I am a follower of your blog, an avid science fiction and fantasy reader, and a hoping-to-be-published-one-
Now, this is a tough one. There are a lot of different ways to approach this.
Here are my thoughts.
On one hand, you never want to "write for the market." As a reader, the books that are coming out were typically sold between a year and two years earlier. Which means you're always going to be behind the curve and therefore at a disadvantage. (Unless of course you are a psychic and can predict what's next--in which case, I'd love if you could give me a call...) But seriously, if you look at the books that have become successful, they're books that came out at a time when they were the only thing out there.
I was teaching when Twilight first came out and I saw my students roll their eyes at the idea of a girl who falls in love with a vampire. That was so not cool...until other people read it and raved about it, and then they read the series as well as several other vampire series as well.
I also firmly believe you should write what you love and what you're passionate about. This industry is tough and if you don't love the writing, the business and the publicity and the ups and downs will absolutely drain you.
That said, there's a point where the art of writing and the business of publishing have to meet. And in the business Dead Genres do exist. (I think dystopian is already pretty dead). There are queries and manuscripts that I reject solely on the basis that it's paranormal or it's dystopian--because they're not selling.
So if you're writing a YA dystopian novel, where does that leave you?
I don't want to tell you to give up. If you love the novel you're writing, write it, finish it, gain the experience from the process. Even query it--write the query, revise it, send it out, make connections with agents. And then while you're querying, write something else--something different, something that will challenge you and make you better at your craft.

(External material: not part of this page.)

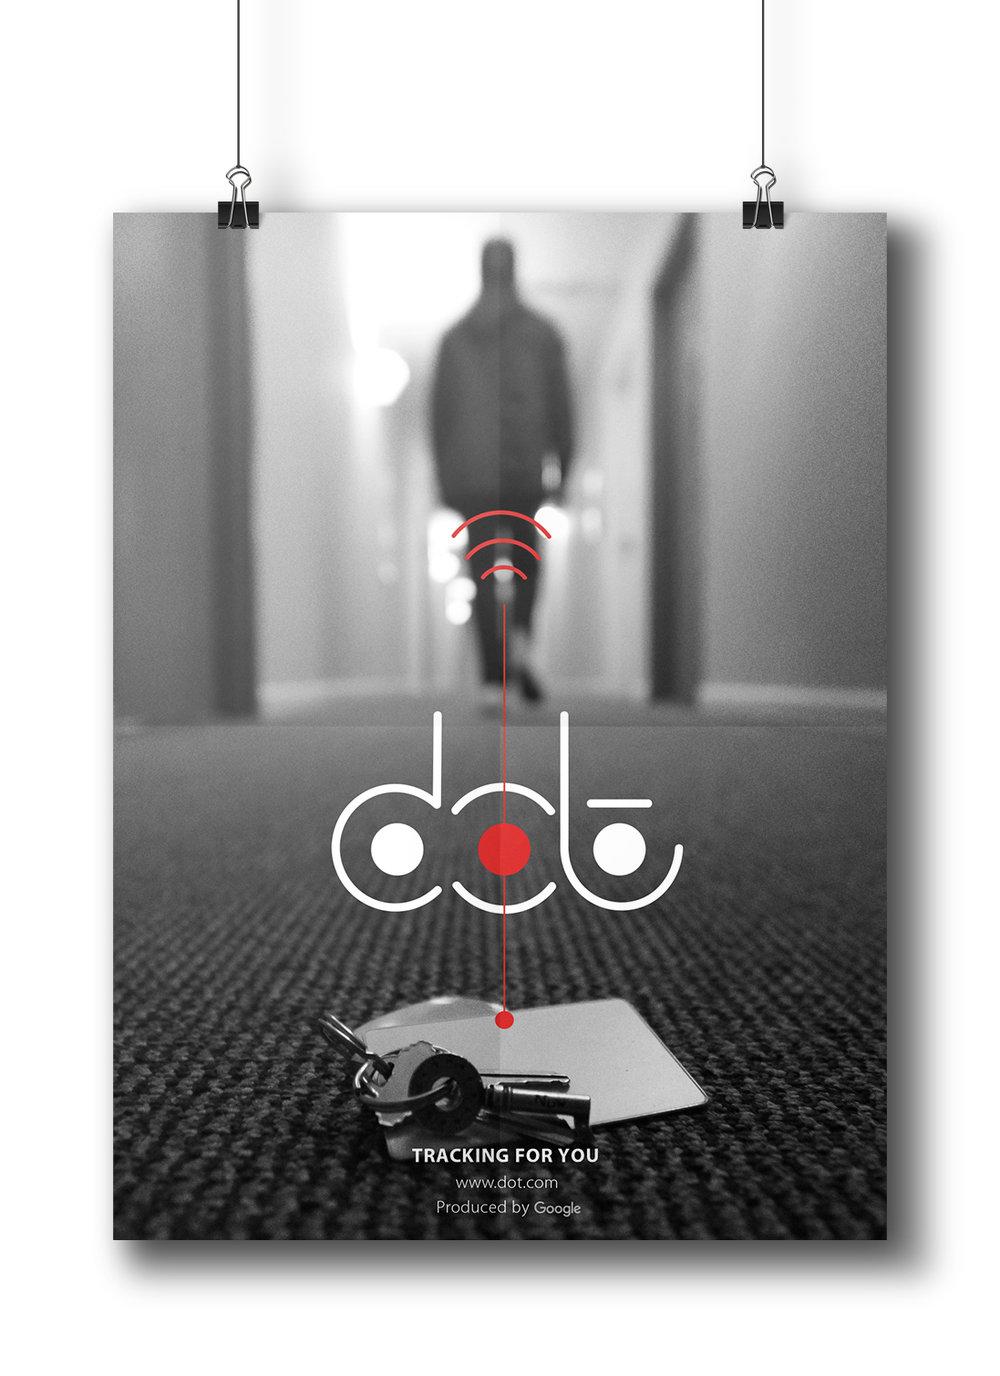 poster_mockup_1.jpg

Do this because even if the manuscript doesn't get you an agent and/or doesn't get published, you will learn and you will become that much closer to the agent and/or the sale. And that will help you when your next manuscript is finished. Do this also because who knows, you might get lucky.
Here's why, just a few weeks ago, I requested a YA paranormal from my queries. It was literary in style and totally weird and different in comparison to what I'd seen out there. In the end I didn't offer representation, but I sent some notes on the ms (and also told the author that actually instead of doing those notes she might want to just set the ms aside and work on something else) and I said I was really interested in seeing her next project. (Agents don't lie when we say that and we don't say it to everyone.)
I have also taken on a few projects that I knew in my heart weren't "commercial." They weren't going to be an easy sell--in fact, I might not sell them at all. But I loved the manuscript and the writing, and I had faith in the author, that even if this first manuscript didn't sell, one of his/her next manuscripts would and that investment was worth it.
Another thing to keep in mind--dead genres don't say dead forever. If you can't sell that YA dystopian right now, that doesn't mean you won't be able to sell it down the road. I've told clients this. There is no shame in putting a manuscript aside, telling yourself "it isn't the right time for this one," and then planning to come back to it in a few years with a fresh perspective.
And I'd say this is good advice for everyone, no matter what you're writing--put everything you have into the manuscript you're working on. Query it, and then write something else. And keep doing that until you find an agent, until you sell your first book, and then beyond.
Be patient, it doesn't happen overnight for anyone.